Hi guys,
When I do suspend/resume stress test with stmmac driver, I encountered some
tricky issues. DWC EQOS version is 5.10, Linux kernel version is 5.10.
1. The first issue is net watchdog timeout.
stmmac_xmit() call stmmac_tx_timer_arm() at the end to modify a timer to do the
transmission cleanup work. Imagine such a situation, stmmac enters suspend
immediately after stmmac_xmit() modify tx timer,
stmmac_tx_clean() would not be invoked, this could affect BQL(I still don't
know the specific reason), since netdev_tx_completed_queue() have not been
involved, and then dql_avail(&dev_queue->dql) finally always return a negative
value.
__dev_xmit_skb() -> qdisc_run() -> __qdisc_run() -> qdisc_restart() ->
dequeue_skb():
if ((q->flags & TCQ_F_ONETXQUEUE) &&
netif_xmit_frozen_or_stopped(txq)) // __QUEUE_STATE_STACK_XOFF
bit is set
After checking this, net core will stop transmitting any more. As a result, net
watchdong would timeout. To fix this issue, we should call
netdev_tx_reset_queue() in stmmac_resume().

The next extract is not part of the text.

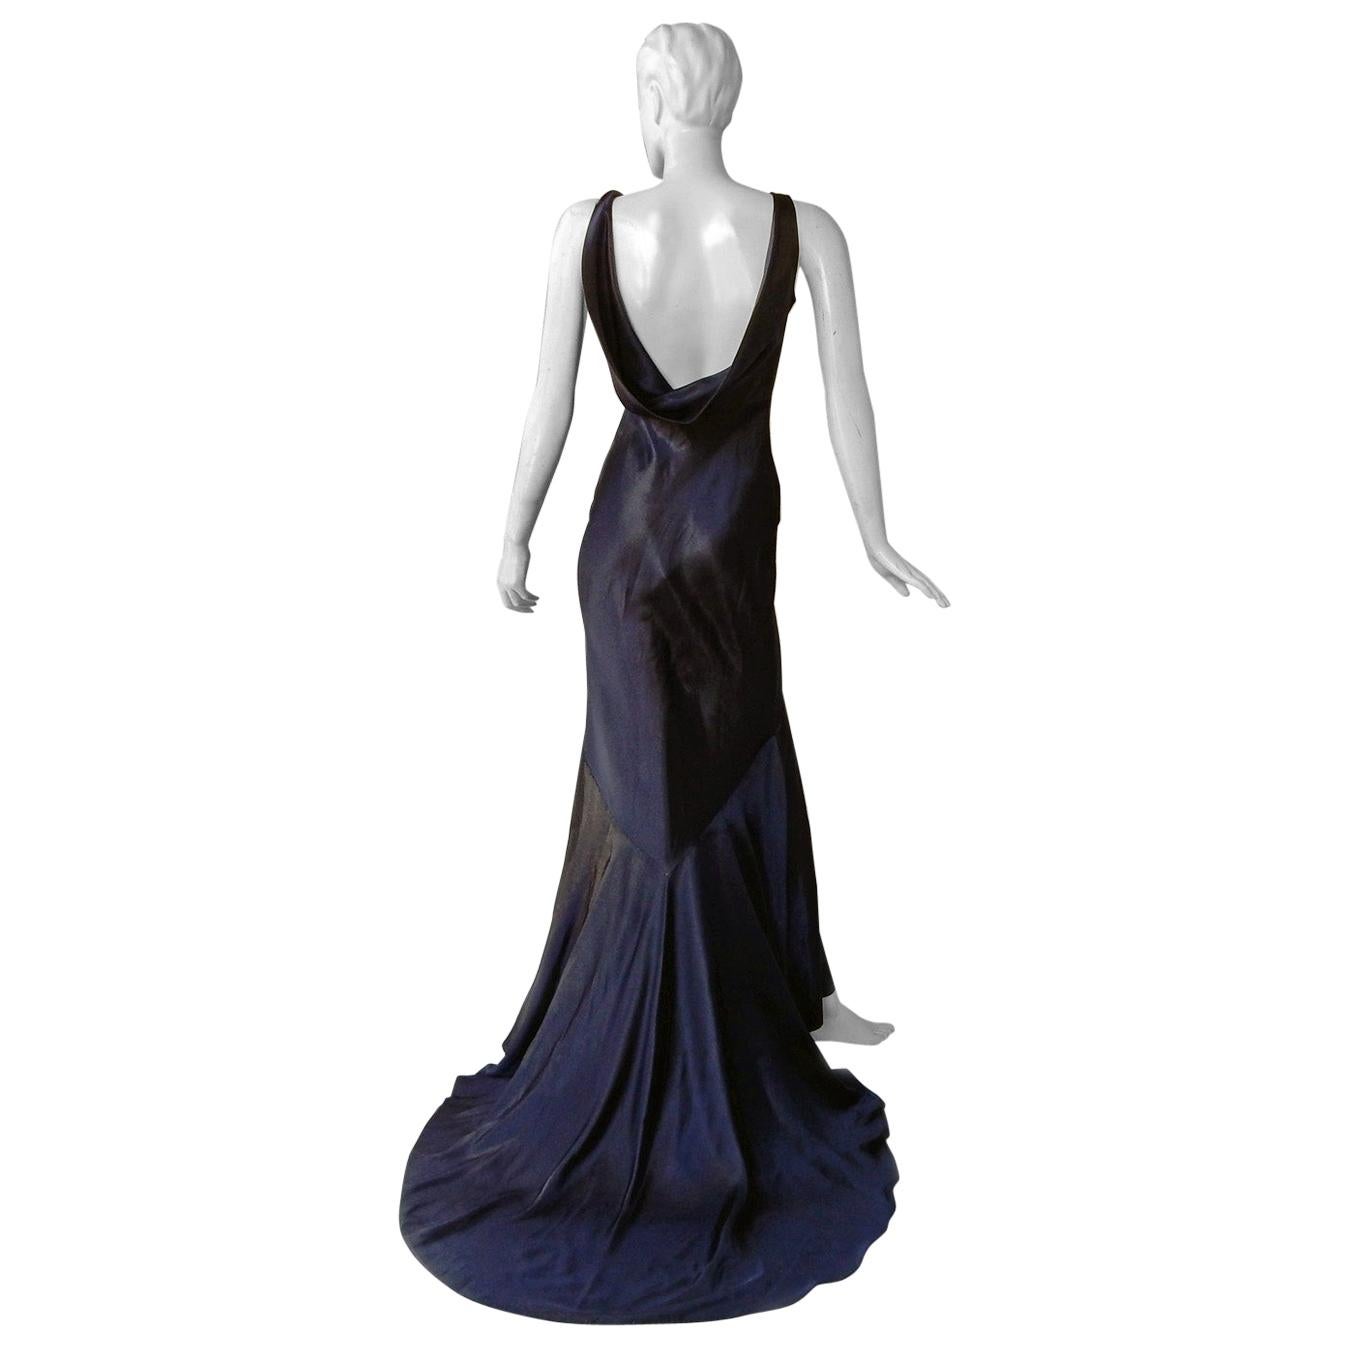 John Galliano 1997 Navy Blue Dramatic Vintage 1930's Harlowesque Gown

2. The second issue is Rx channel fatal bus error.
During suspend/resume test, Rx channel report fatal bus error at a high
possibility(and report many times), but there is no handler for this situation
in stmmac driver. Do you know what would cause Rx channel fatal error? And how
to handle it?
I did some work, but now still can't fix it.
Thanks a lot in advance. 😊
Best Regards,
Joakim Zhang